# newbie from western MA



## wannabeefarmer (Feb 20, 2012)

Hey All,
Like my name says I'm a wanna bee farmer from Wilbraham MA. I've been thinking about beekeeping for a few years but didn't want to take on too many new things at once(starting raising chickens for meat and eggs last year).I can only hit my wife with one major addition a year before she hits me back. I've been doing reading and taken a few workshops through nofa. I'm picking up 2 nucs in may to get the ball rolling. I'll be trying to glean as much as I can from everyones combined experience. So thanks in advance!!!


----------



## bluegrass (Aug 30, 2006)

Welcome
It is going to be an adventure...:thumbsup:


----------



## TheBuzz (Feb 8, 2012)

What kinda Bees are you getting?


----------



## stripstrike (Aug 29, 2009)

Where you from in Wilbraham? I grew up on Glendale Road. Welcome to the board!


----------



## chrissv (Oct 12, 2008)

Get your wife involved as well. That way it's a shared sacrifice!


----------



## Steve_G (Apr 24, 2011)

Welcome aboard,

Great bunch here, you'll learn a lot.

My wife was originally afraid of bees when I started, now she is waiting on delivery of her two packages of bees for this year.

Steve


----------



## camero7 (Sep 21, 2009)

Welcome. Bee sure to attend a bee school.


----------



## TheBuzz (Feb 8, 2012)

I've actually started a new beekeeper 2012 thread to fllow my progress.


----------



## AmericasBeekeeper (Jan 24, 2010)

Welcome WBF!


----------



## Specialkayme (Sep 4, 2005)

Welcome to the site!


----------



## wannabeefarmer (Feb 20, 2012)

stripstrike said:


> Where you from in Wilbraham? I grew up on Glendale Road. Welcome to the board!
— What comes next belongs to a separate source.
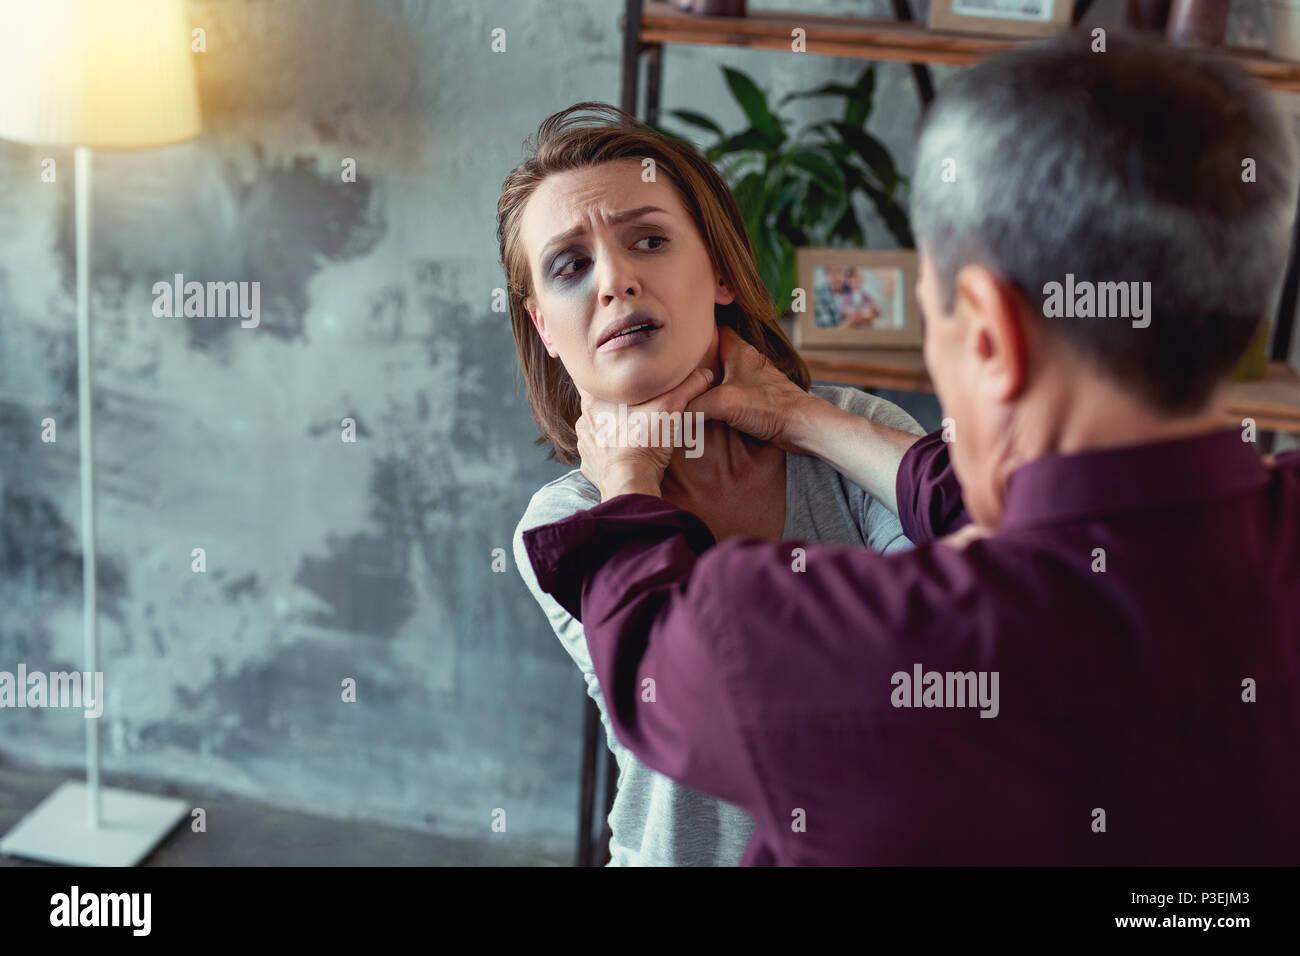 Víctima de la agresión se siente muy asustada Imagen De Stock

 I live on Delmor ave off of main street


----------



## stripstrike (Aug 29, 2009)

I know it well. Welcome again and best of luck this year.

Ken


----------



## Michael B (Feb 6, 2010)

wannabeefarmer said:


> Hey All,
> Like my name says I'm a wanna bee farmer from Wilbraham MA. I've been thinking about beekeeping for a few years but didn't want to take on too many new things at once(starting raising chickens for meat and eggs last year).I can only hit my wife with one major addition a year before she hits me back. I've been doing reading and taken a few workshops through nofa. I'm picking up 2 nucs in may to get the ball rolling. I'll be trying to glean as much as I can from everyones combined experience. So thanks in advance!!!


Welcome to the site. You will love beekeeping. We are so close to each other if you ever need help or whan to chat PM me and we can get together.

Mike


----------



## wannabeefarmer (Feb 20, 2012)

Thanks, it already has been and I don't even have any bees yet.


----------



## wannabeefarmer (Feb 20, 2012)

thanks


----------